Your task: Write out every line below again exactly as it stands, skipping each image.

BEGIN Dataset excerpt

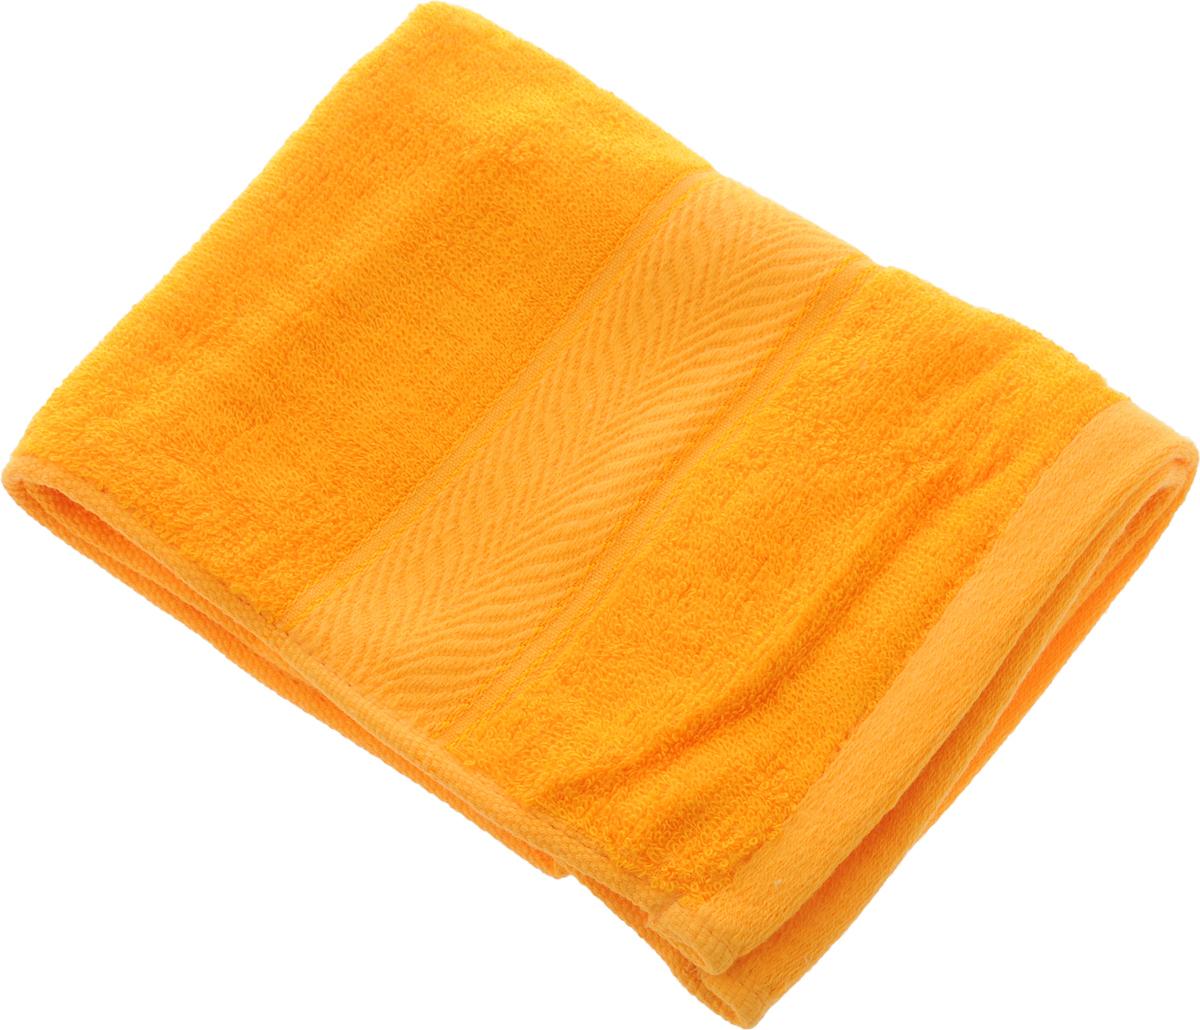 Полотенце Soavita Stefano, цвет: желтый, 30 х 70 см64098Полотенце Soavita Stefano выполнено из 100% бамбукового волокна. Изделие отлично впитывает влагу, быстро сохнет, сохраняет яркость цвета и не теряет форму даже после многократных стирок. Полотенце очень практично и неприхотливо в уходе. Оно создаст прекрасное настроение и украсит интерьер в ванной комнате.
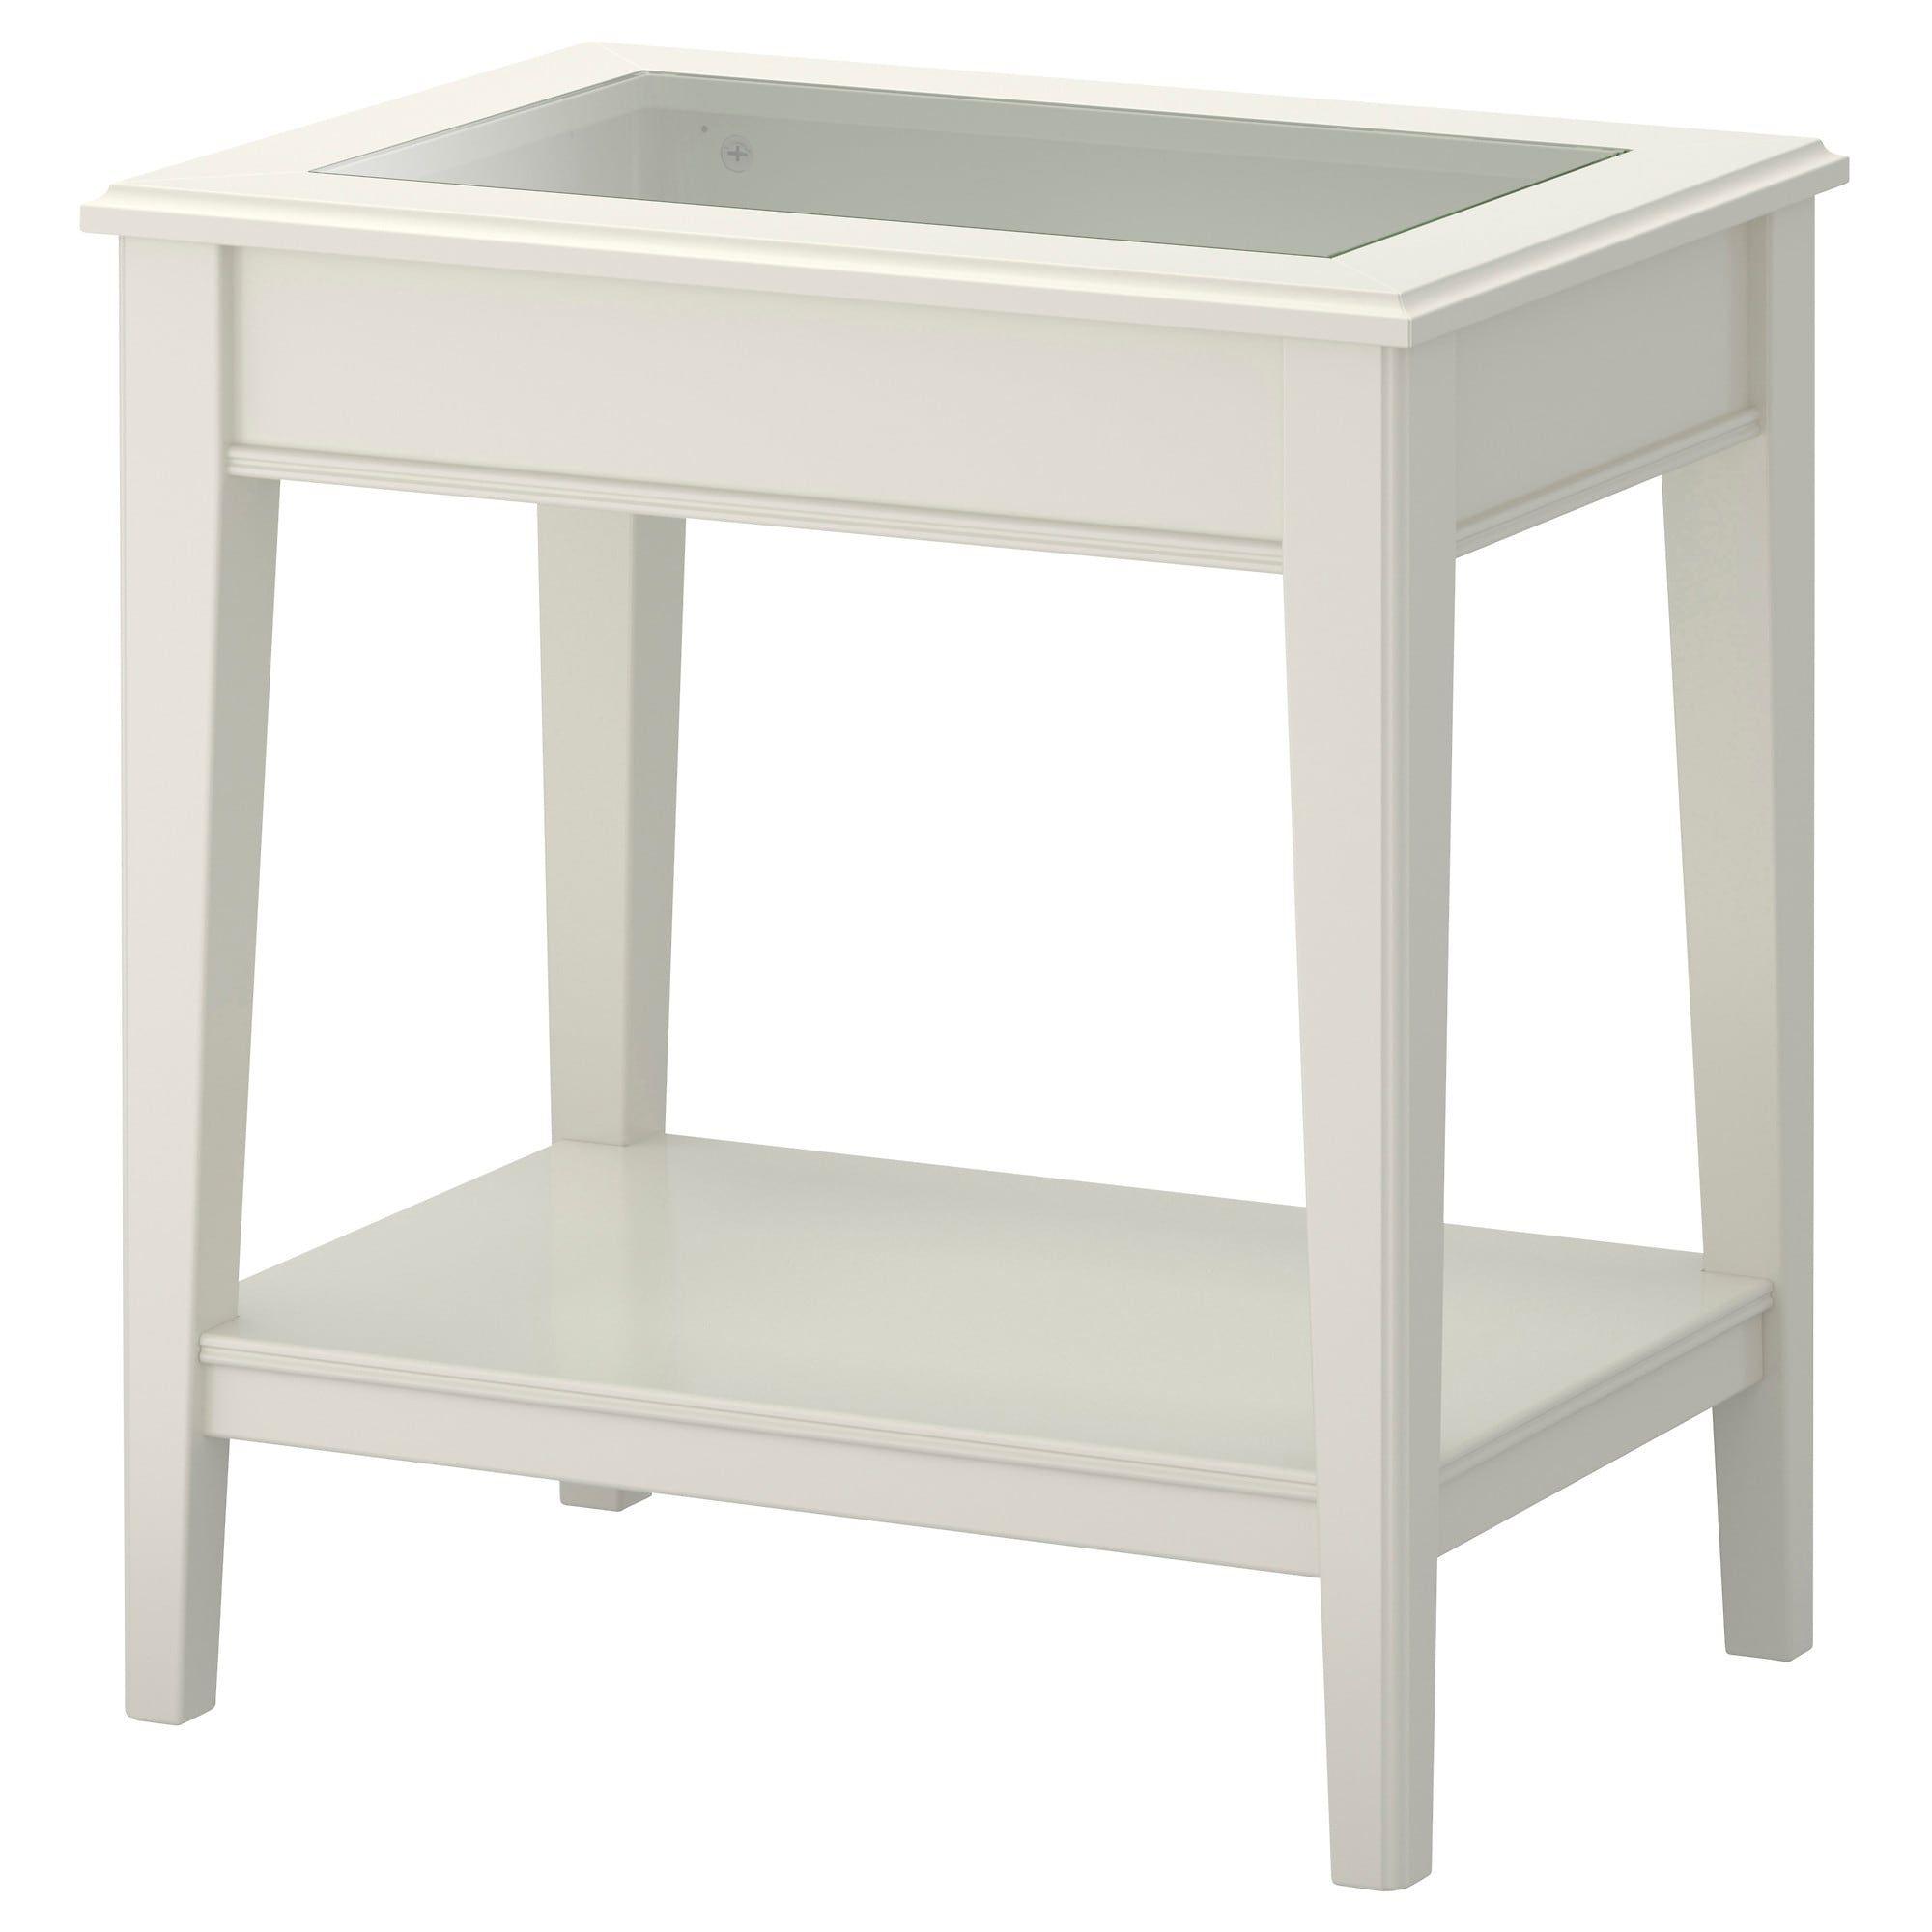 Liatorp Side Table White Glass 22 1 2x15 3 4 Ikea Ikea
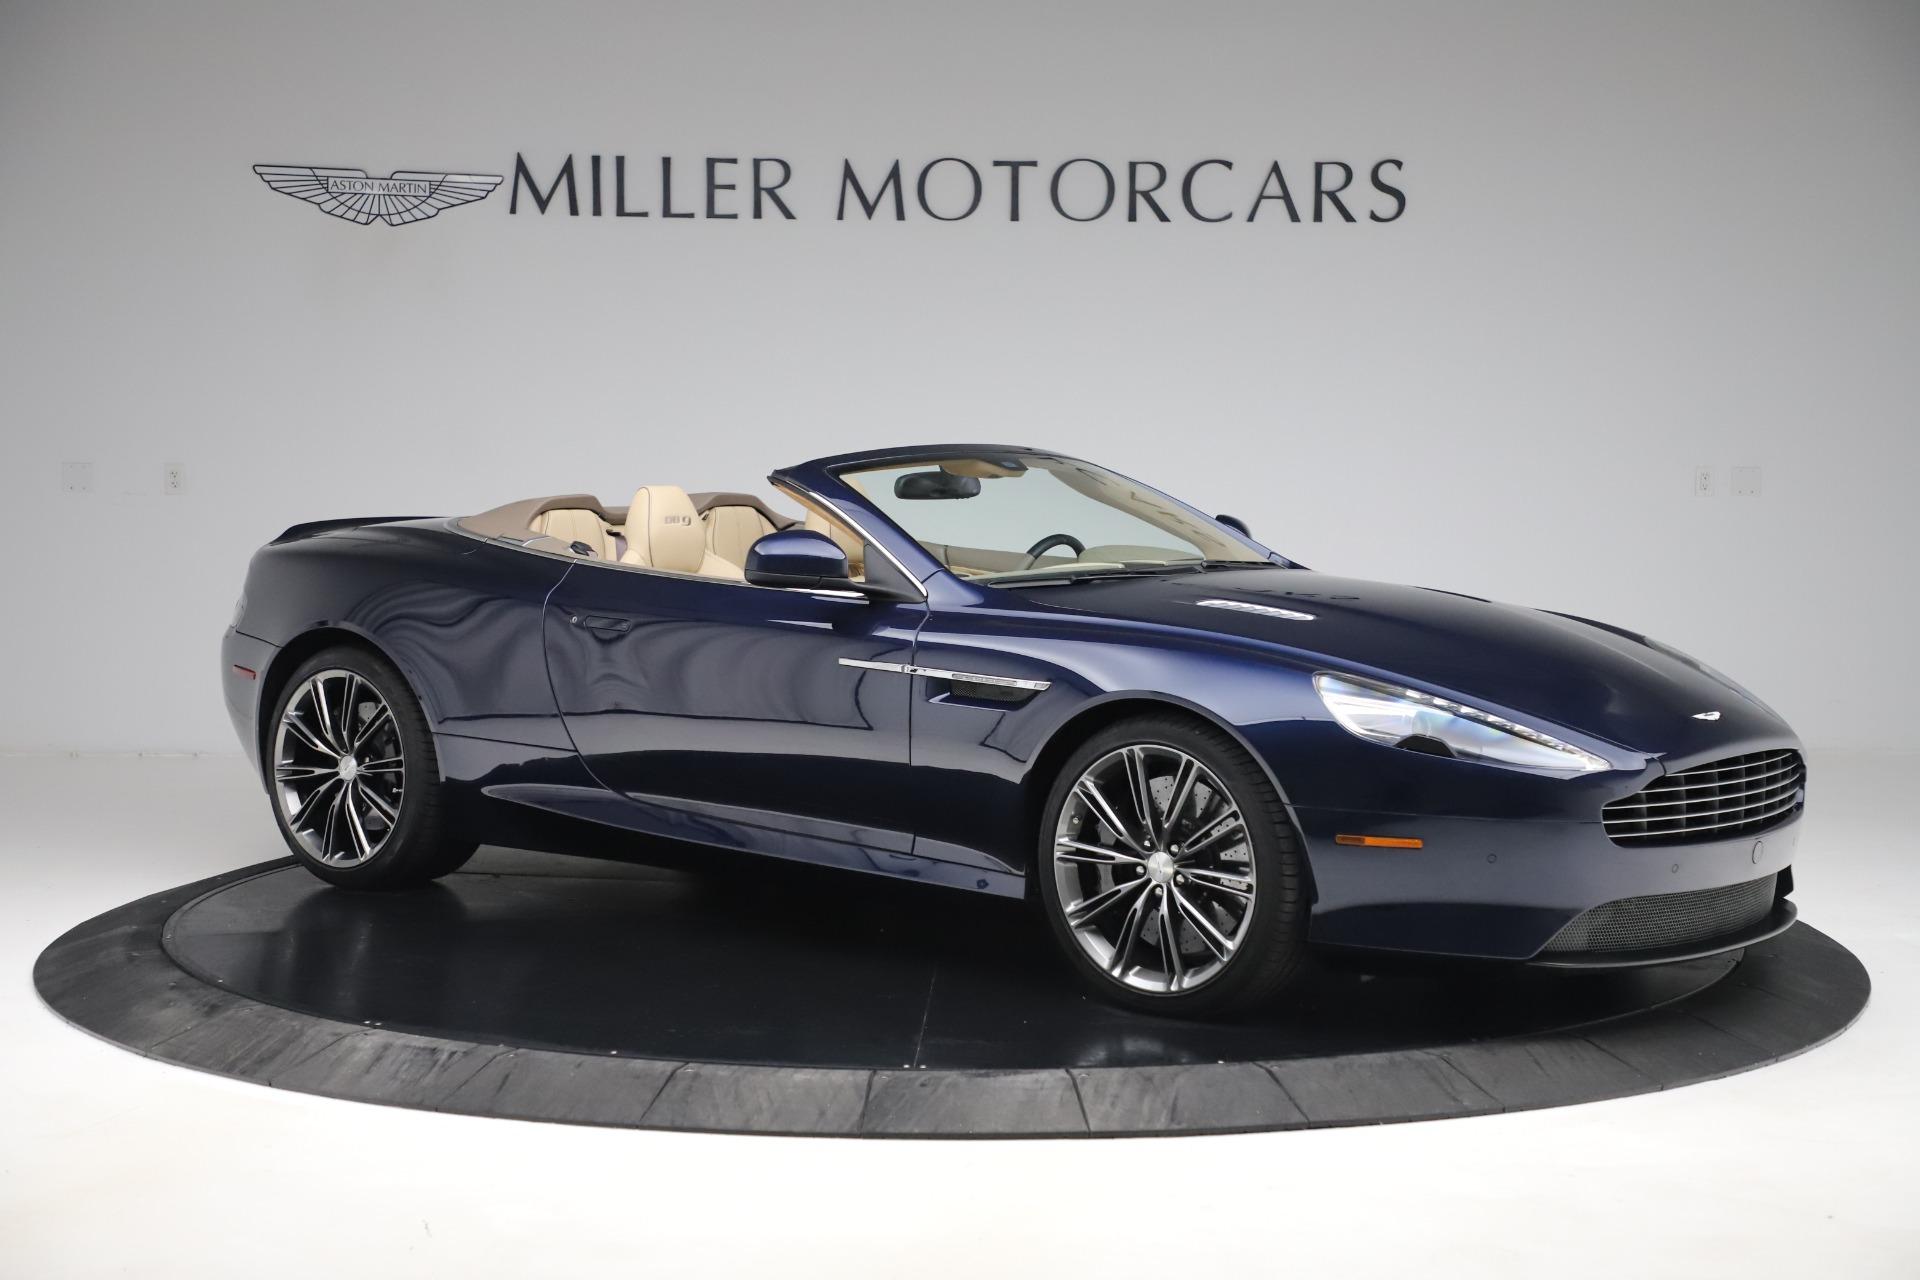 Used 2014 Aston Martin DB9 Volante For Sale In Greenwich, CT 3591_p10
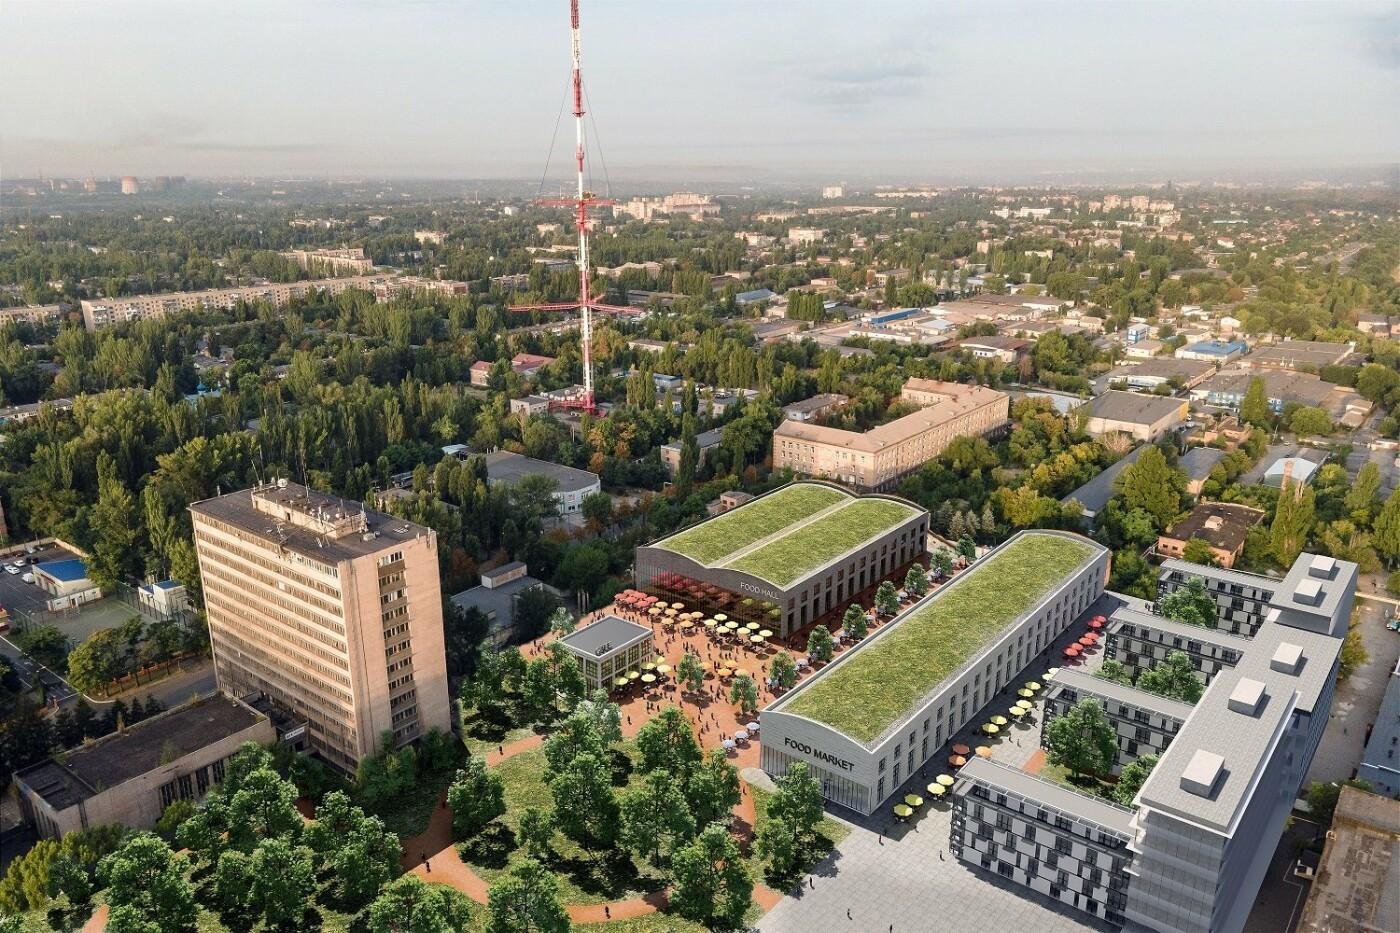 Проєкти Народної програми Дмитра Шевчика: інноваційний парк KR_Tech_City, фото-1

END Dataset excerpt

Answer:
 Полотенце Soavita Stefano, цвет: желтый, 30 х 70 см64098Полотенце Soavita Stefano выполнено из 100% бамбукового волокна. Изделие отлично впитывает влагу, быстро сохнет, сохраняет яркость цвета и не теряет форму даже после многократных стирок. Полотенце очень практично и неприхотливо в уходе. Оно создаст прекрасное настроение и украсит интерьер в ванной комнате.
 Liatorp Side Table White Glass 22 1 2x15 3 4 Ikea Ikea
 Used 2014 Aston Martin DB9 Volante For Sale In Greenwich, CT 3591_p10
 Проєкти Народної програми Дмитра Шевчика: інноваційний парк KR_Tech_City, фото-1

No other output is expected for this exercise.